Primary culture of cellular subtypes from postnatal mouse for in vitro studies of oxygen glucose deprivation.

One of the most widely utilized in vitro models of ischemia or oxygen glucose deprivation (OGD) is the hippocampal organotypical culture (HOTC). The HOTC is used not only for the study of the mechanisms of cell death, but also has been the cornerstone of synaptic physiology. Although the intact nature of the HOTC is one of its primary advantages, some studies require a dissociated preparation in order to distinguish cell type specific responses. Typically, primary dissociated neuronal cultures are prepared from embryonic tissue. Since the HOTC is prepared from postnatal pups, we wanted to establish a primary culture of hippocampus from postnatal pups to parallel our studies in the HOTC preparation.
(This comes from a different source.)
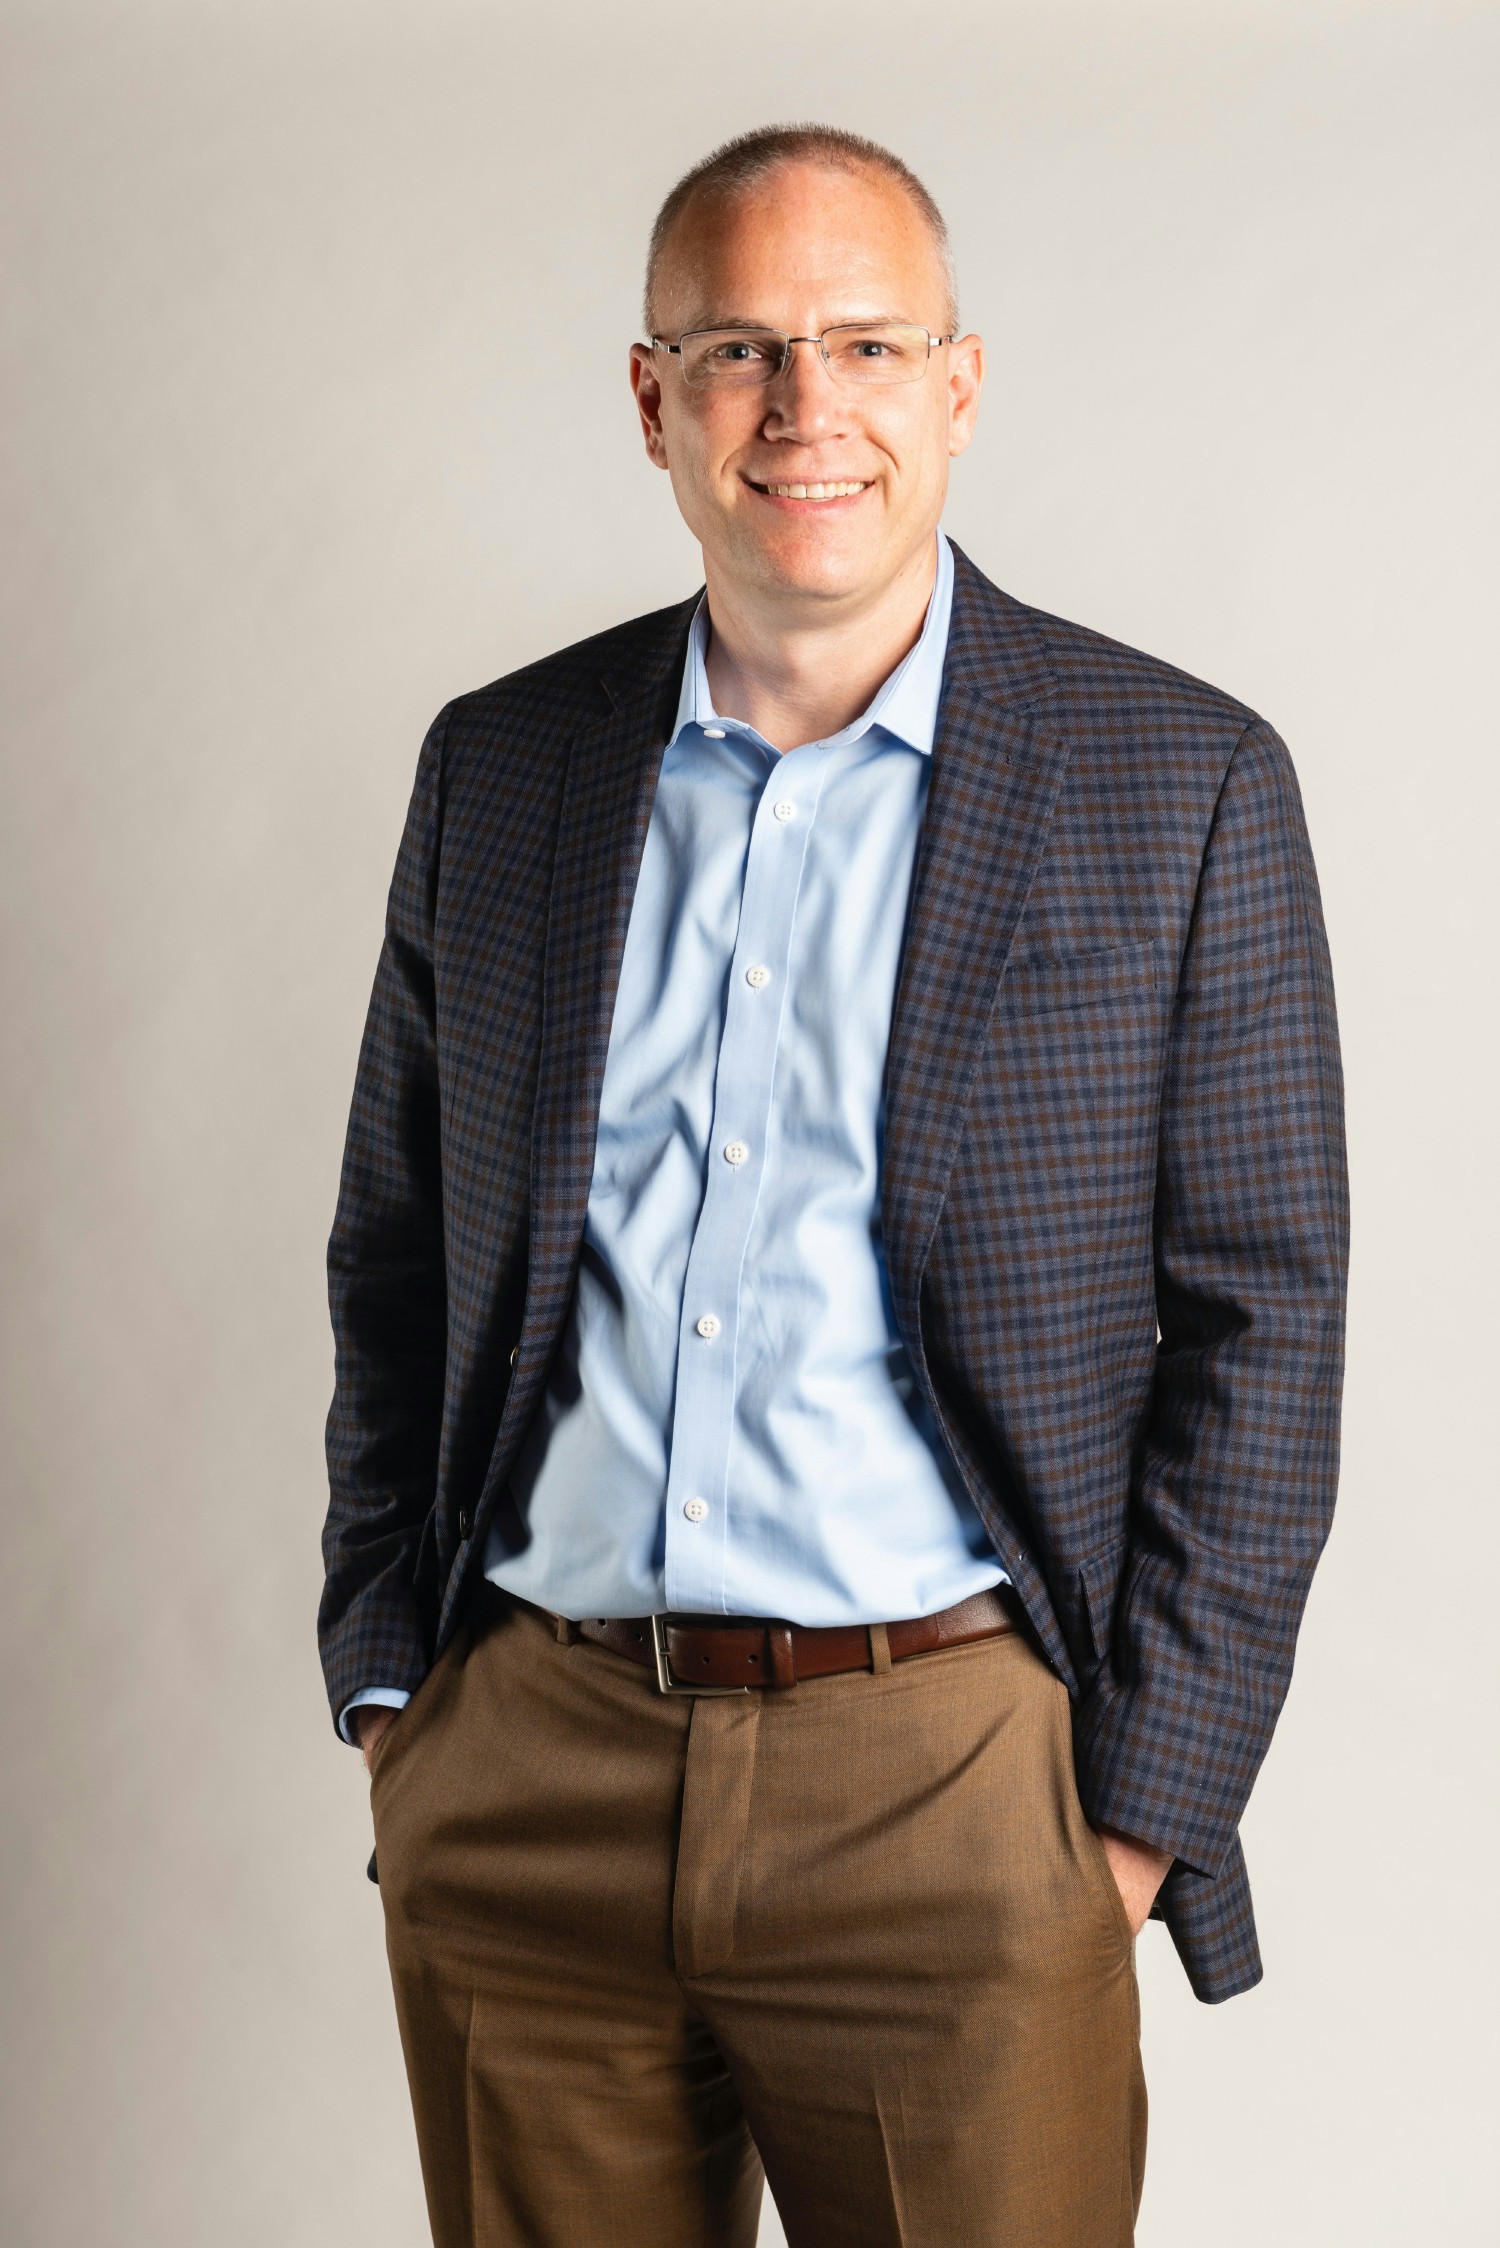 Jeff Dill, CEO

Mixed cultures were prepared by enzymatic dissociation of hippocampus from 7-day-old mouse pups. These cultures responded to OGD with a time course of delayed cell death that was similar to that reported in HOTC. Dual label immunocytochemical staining revealed that neurons, but not astrocytes, were dying from apoptosis following OGD. To examine this vulnerability further, we also prepared neuronal enriched cultures by treating mixed cultures with cytosine-β-d-arabinofuranoside (CBA). These neuronal cultures appear to be even more sensitive to OGD. In addition, we have established primary astrocyte-enriched cultures from the same age pups to examine the vulnerability of astrocytes to OGD. These three culture preparations are useful for comparison of the responses of the two major cell types in the same culture, and the enriched cultures will allow biochemical, electrophysiological and molecular studies of homogenous cell populations.